AAT Tutor

Fizzbang Registered Posts: 11 Regular contributor ⭐ 😼 ⭐
I might have an opportunity of becoming an AAT tutor, I have been asked what levels I am able to teach.
I am a full member with no further quals, am I able to teach levels 2, 3 & 4, or just 2 & 3?

I would be grateful if someone could advise me on this.

Many thanks


  • Jo Clark
    Jo Clark Registered Posts: 2,525
    What an exciting opportunity :o

    Is this at a local college/adult ed?

    I'm not sure what the answer is. I guess you could teach all levels if you feel confident enough. Has the prospective employer not told you what qualifications/experience they require you to have? You may want to consider studying PTLLS to help with class planning etc.

    Good luck.

    JC :o
    ~ An investment in knowledge always pays the best interest ~
    Benjamin Franklin
  • Fizzbang
    Fizzbang Registered Posts: 11 Regular contributor ⭐ 😼 ⭐
    Very exciting!

    Yes it is at a local college, they asked me if I could teach all levels so I am bit confused. Dont ask me why but I am under the impression that you need to be qualified one level above to what you can teach. For instance AAT qual can teach to level 3, CIMA/ACCA or other you can teach level 4 but not 100% sure.
  • Nps
    Nps Registered Posts: 782
    I would assume you'd need a teaching qualification (PGCE or PTLLS). Knowing a subject and having the skills to teach it are 2 completely different things. I have a low level teaching qualification (not even sure if it's recognised outside of my previous employment) but quite often, tutors have no prior knowledge of the subjects they teach (ie. given a new policy, computer system, Act of Parliament etc, and told to read it, digest it and then teach a class about it the following day).
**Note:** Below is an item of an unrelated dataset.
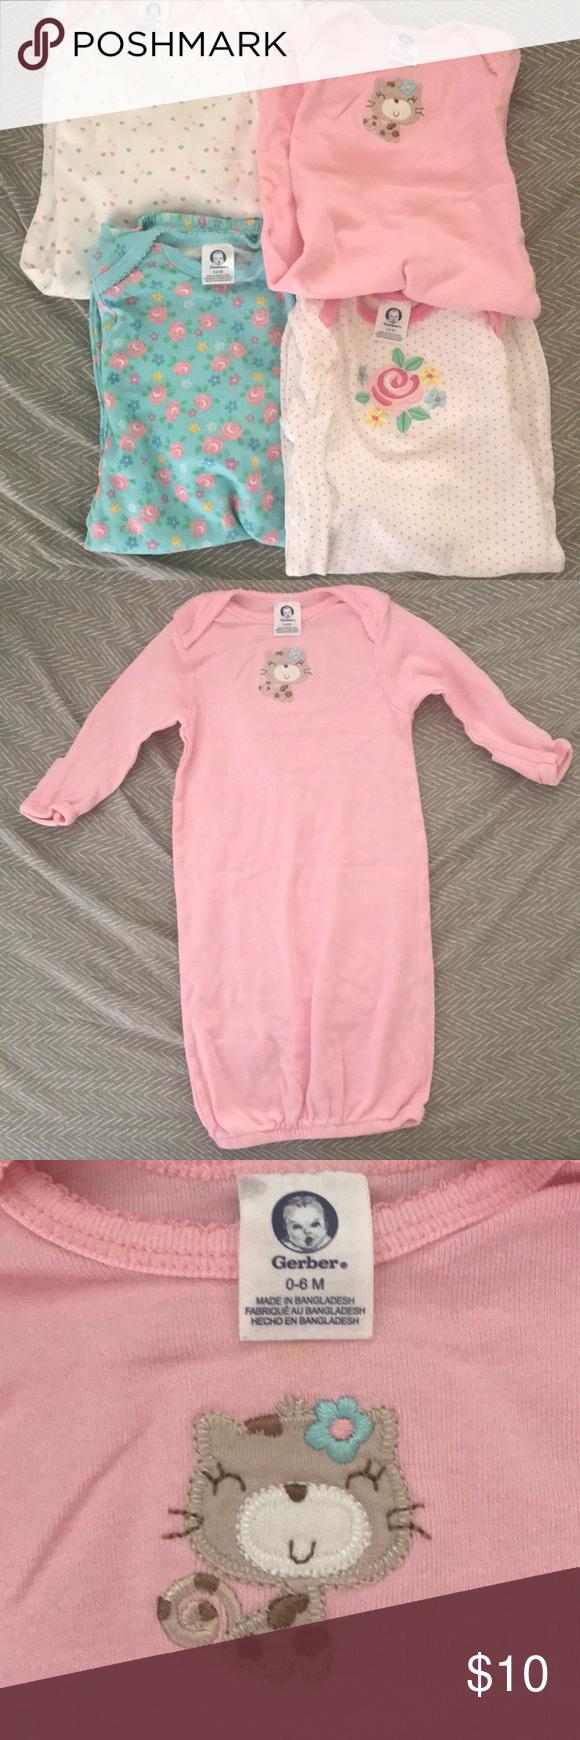 Gerber Baby Gown 4 Pack | My Posh Closet | Pinterest | Gerber baby ...

    Without any formal teaching qualifications, you'd have no knowledge of the scientifically proven different ways that people learn, the psychology of learning, how to assess progress, class planning etc etc. It's really not as simple as just passing on your own knowledge, the actual teaching is a whole subject in itself.

    I'm imagining that if I was a student, and had paid money for a course, I'd be a bit miffed if I found out that the tutor had no teaching qualifications unless it was clear that they were a naturally gifted teacher.

    I've looked into the PTLLS course myself, and the courses are fairly short and not that expensive in the whole scheme of things.
  • Fizzbang
    Fizzbang Registered Posts: 11 Regular contributor ⭐ 😼 ⭐
    Thank you Nps1976 for your reply,

    I am fully aware that teaching qualifications are needed and these will be on my to do list as these qualifications require teaching hours, so I wouldn't be able to pass these before hand!

    I can do better than imagine! I have been a student, paid money for a course and was more than a bit miffed to find out that the tutor had no subject qualification and real life experiences to share but had teaching qualification instead just reading from a book/powerpoint presentation, I could have done that at home for free!

    I on the other hand have been a full member since 2006 and have 12 year real life experiences under my belt ranging from bookkeeping to management accounts!

    I would also like to point out that I have tutored level 2 for a short period of time, I also had Ofsted sit in on one of my lessons and I received very good feedback on my course planning and the delivery of the lesson engaging all students (and I had a mixed bag of learners too).
  • wabisabi
    wabisabi Registered Posts: 130 💫 🐯 💫
    Hi Fizzbang

    I don't know if it's of any help, but I work in a large FE college, and it's very common for someone with substantial industry experience to be given a contract on condition that they work towards their teaching qualification while in post.

    You don't need any teaching hours for PTLLS - you do three 'microteaches' to classmates over about 12 weeks. I think you need 30 or 40 hours for CTLLS but you would easily make these up if you were in a teaching post.

    Where I work the contracts tend to be part-time and / or temporary to start with. FE is no bed of roses, largely due to the changing educational environment and workload, but I think it could be very rewarding.